Second, there are several subroutines to do the Monte Carlo calculations and to make sure the protein is subject to some requirements. Note that the information of proteins is stored in a 45 × 3 matrix with the first column being AA types, second the x positions and third the y positions.

*neighbor()*: inputs a Protein Vector and outputs the pairs of indices of two non-bonding AAs.

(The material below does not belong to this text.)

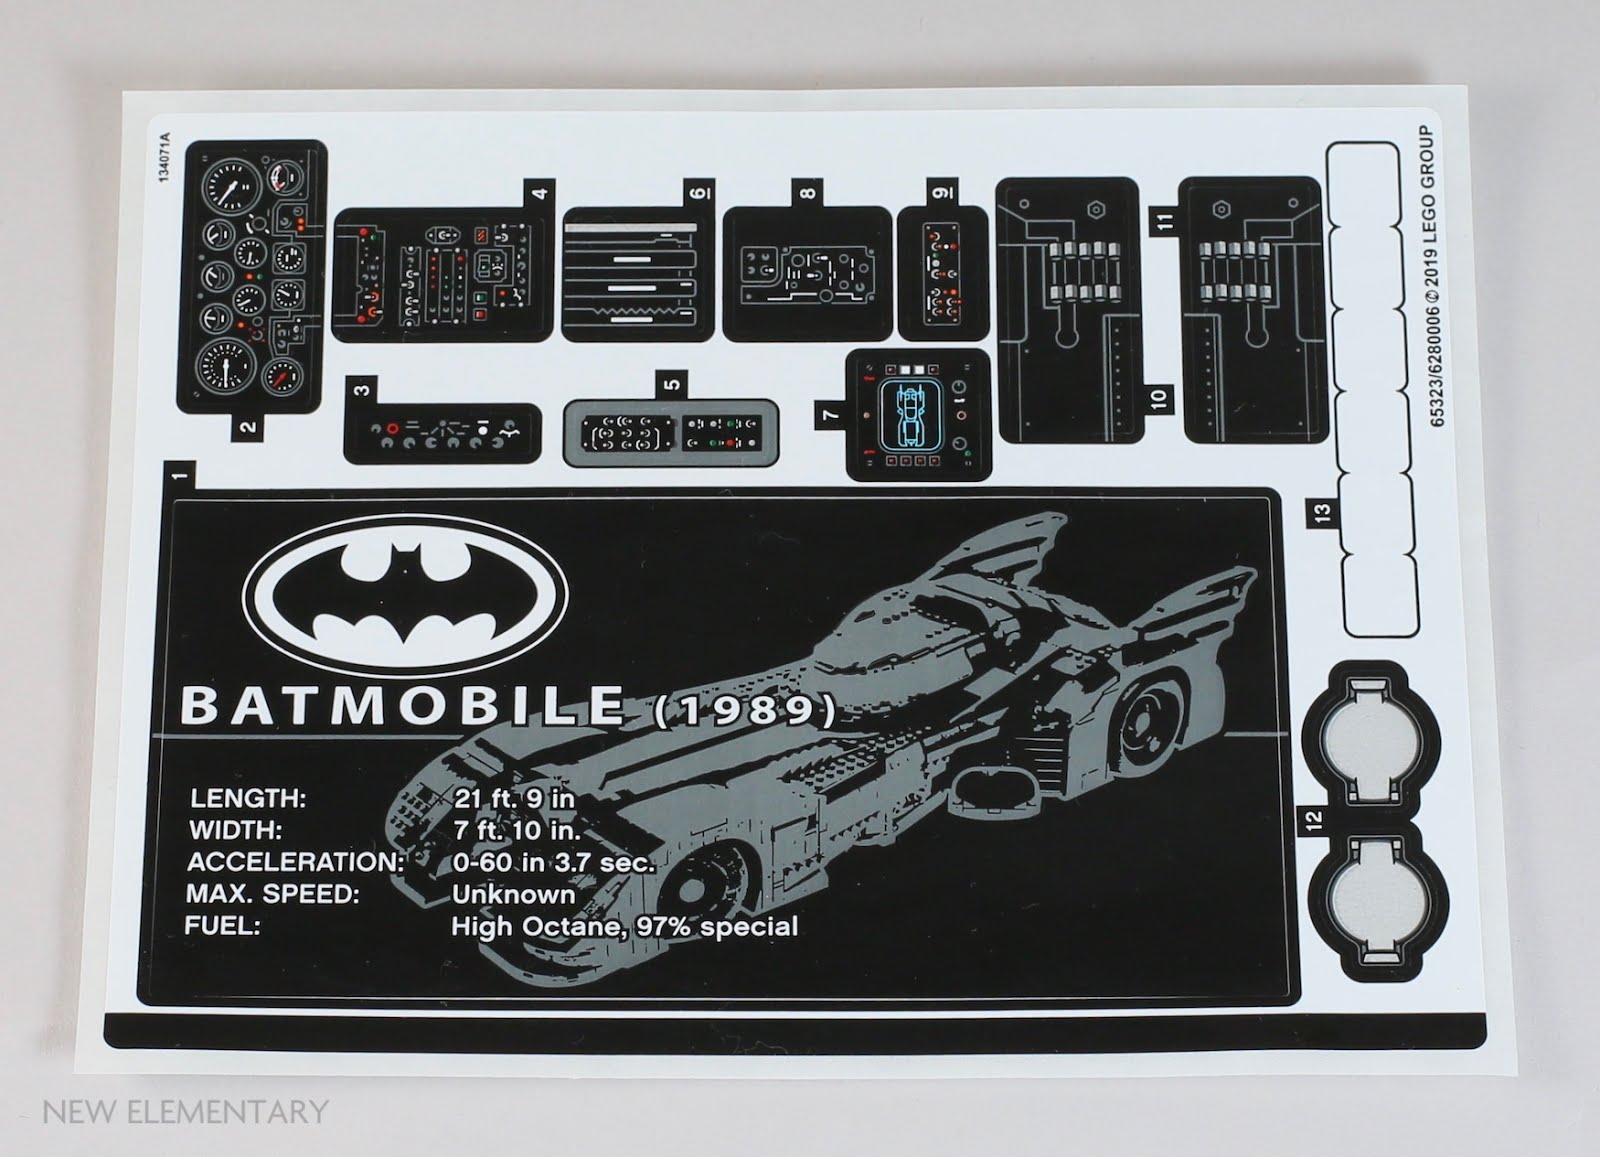 1989 Batmobile (LEGO DC Super Heroes - 76139) - Review - Brickonaute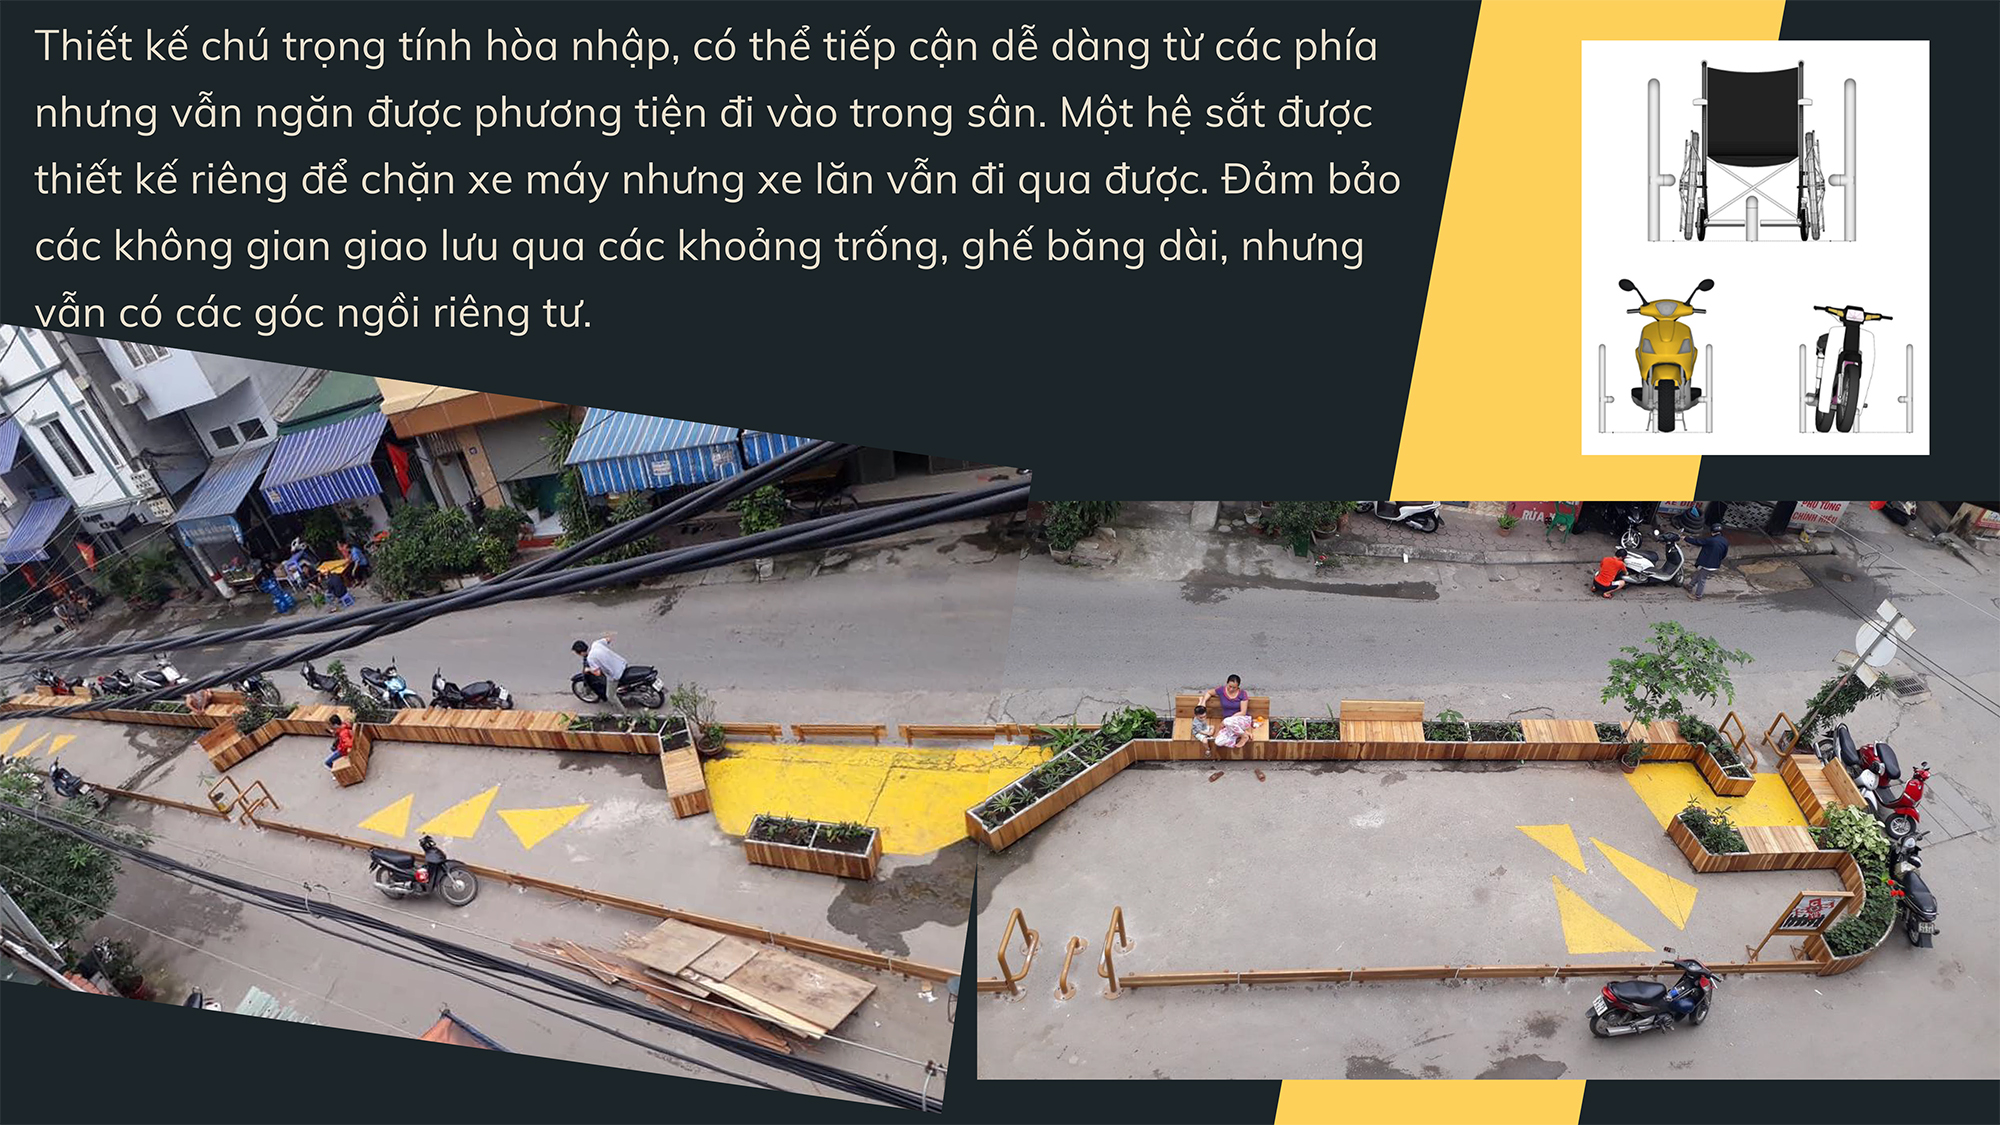 Bài dự thi Designed by Vietnam - parklet khu 8 202008

*Energy()*: input pairs of neighbor indices, Protein Vector, interaction matrix*E*and outputs the energy*E*_{0}.

*n2ndistance()*: inputs a Protein Vector and outputs the end-to-end distance of the protein.

*pcheck()*: inputs Protein Vector and the index of certain AA and check if that AA occupies others’ positions. The function outputs*true*if the protein is not allowed,*false*otherwise.

*conformationchange()*: input Protein Vector and make a position change to one of its AA and outputs a modified new Protein Vector.

# Results

First we tested the random number generator *myrand()*. The random number generator gives a uniform distribution of numbers between 0 and 1. And the points (*x*_{n + 1}, *x*_{n}) cover the 1 × 1 square without noticeable patterns as shown in Fig. 1. We further test it by estimating *π*.

\begin{equation}
\frac{\pi}{4} = \frac{N_{in}}{N}
\end{equation} where *N*_{in} is the number of points in the quarter circle and *N* is the total number of points.As the total number of points increases, the RHS will reach $\frac{\pi}{4}$ asympotically, as shown in Fig. 2.